As the living legend comes to grips with the fact that he’ll soon be just a legend, however, he finds a version of middle age worth holding onto. New-to-Bond director Cary Joji Fukunaga places more emphasis on the relationship between Bond and paramour Dr. Madeleine Swann (Seydoux), cast off by him in the first act due to the usual “I’m too dangerous for you” rationales. Five years later, their paths cross once again and he’s surprised to find that she’s raising a kid she insists isn’t his, despite the fact that little Mathilde has his SFX-enhanced blue eyes. Insinuating himself into this fragment of a family unit energizes Bond with newfound purpose, his motivation stronger when protecting the girl’s precious stuffed animal than defusing bombs or picking off Spectre goons. Seeing one of fiction’s most eligible bachelors going Dad Mode can be disarming, at times comical, as in the shot of him clutching the child like he wishes Q could whip up a laser-equipped Baby Bjorn. But with Craig’s arc characterized by constant, leveling traumas, there’s something a little touching about watching him find something to live for.
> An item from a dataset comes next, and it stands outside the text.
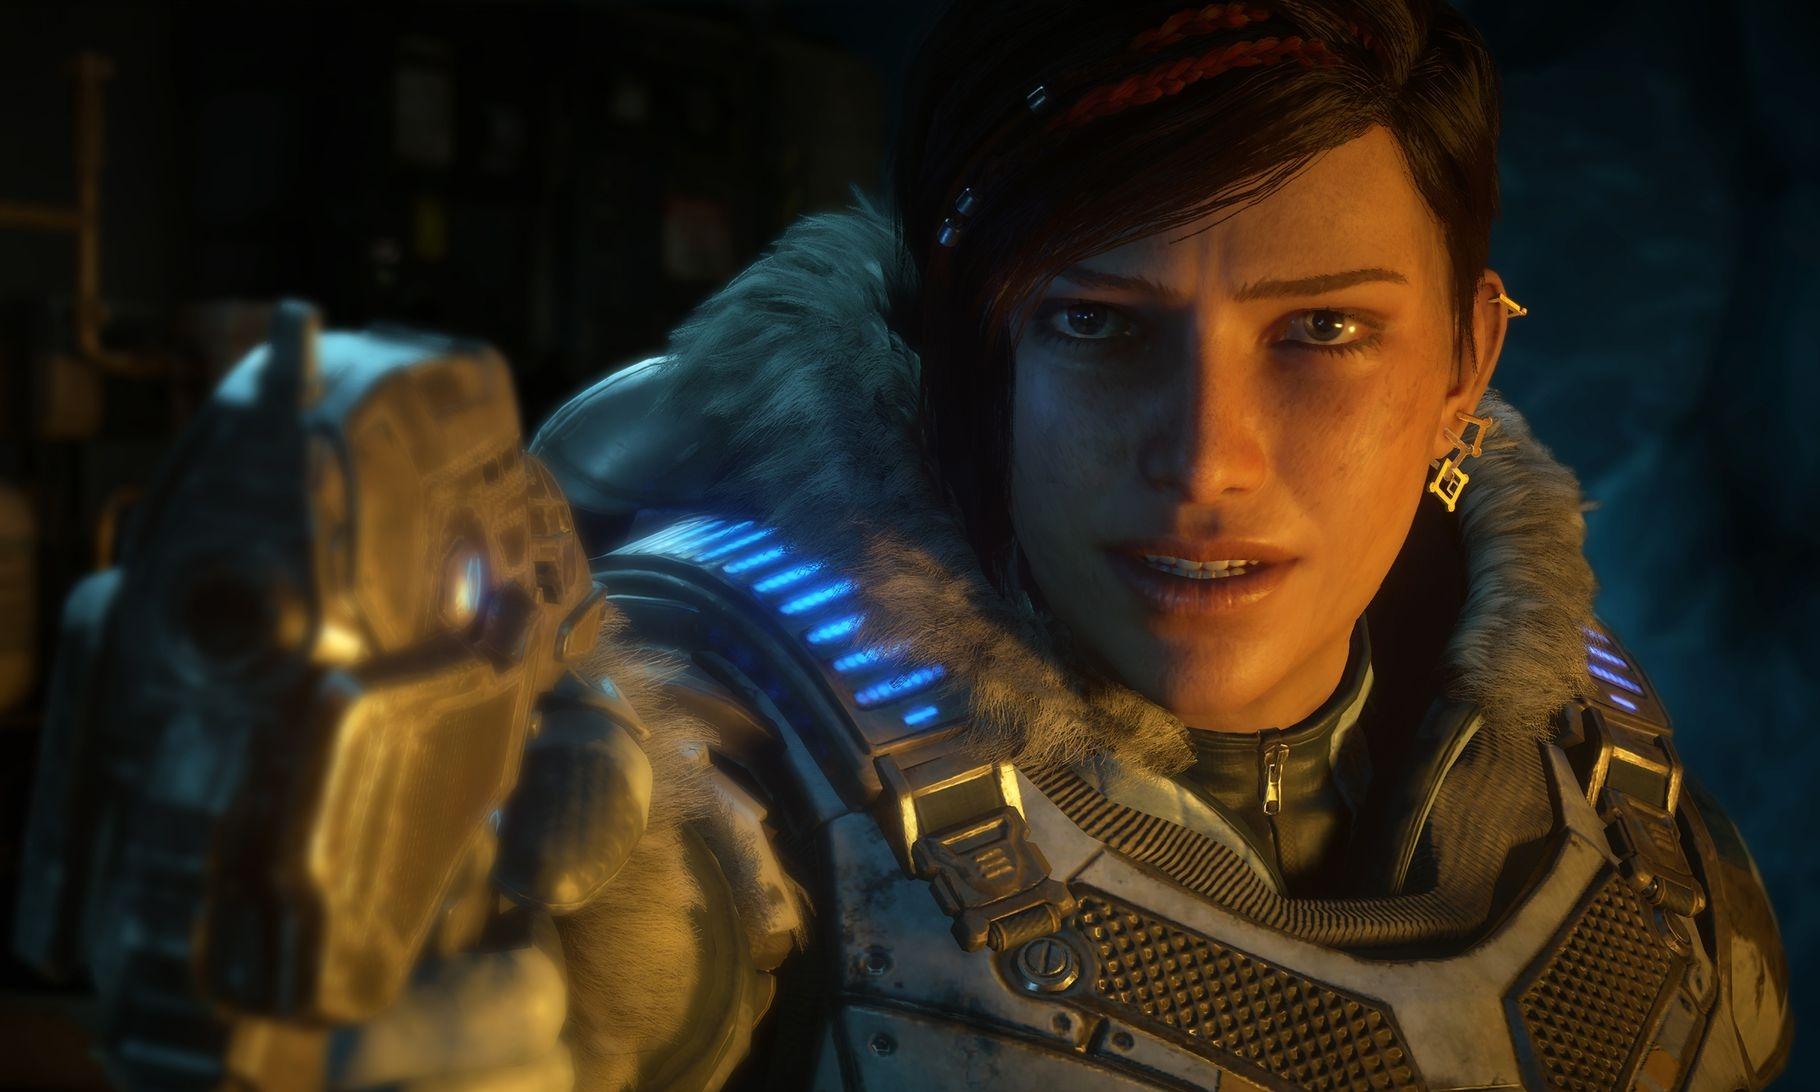 Kait Diaz, the protagonist of Gears 5

As poetic as Bond’s maturation and decline might be, the nature of these films won’t allow him to fall too far. Any longness of tooth doesn’t show in his fight choreography, which has him smacking around guys a fraction of his age. The story, even as it bids him a stone-faced farewell, contours itself to his potency and relevancy. In a scene that gets more egregious the longer one thinks about it, Nomi willingly returns the title of 007 to Bond out of respect, short-changing and undermining whatever forward motion her character was supposed to signify. This moment’s scraping friction betrays the internal conflict to be resolved with next year’s planned coronation for a new holder of the tuxedo. No Time to Die, though still yoked to Craig’s bond for one last outing, knows that the time has come to move on. The only question is to whom. If each Bond gives way to an equal and opposite portrayal, then all we know is it’ll be someone with a lighter step, coming to fill the big shoes Craig leaves behind.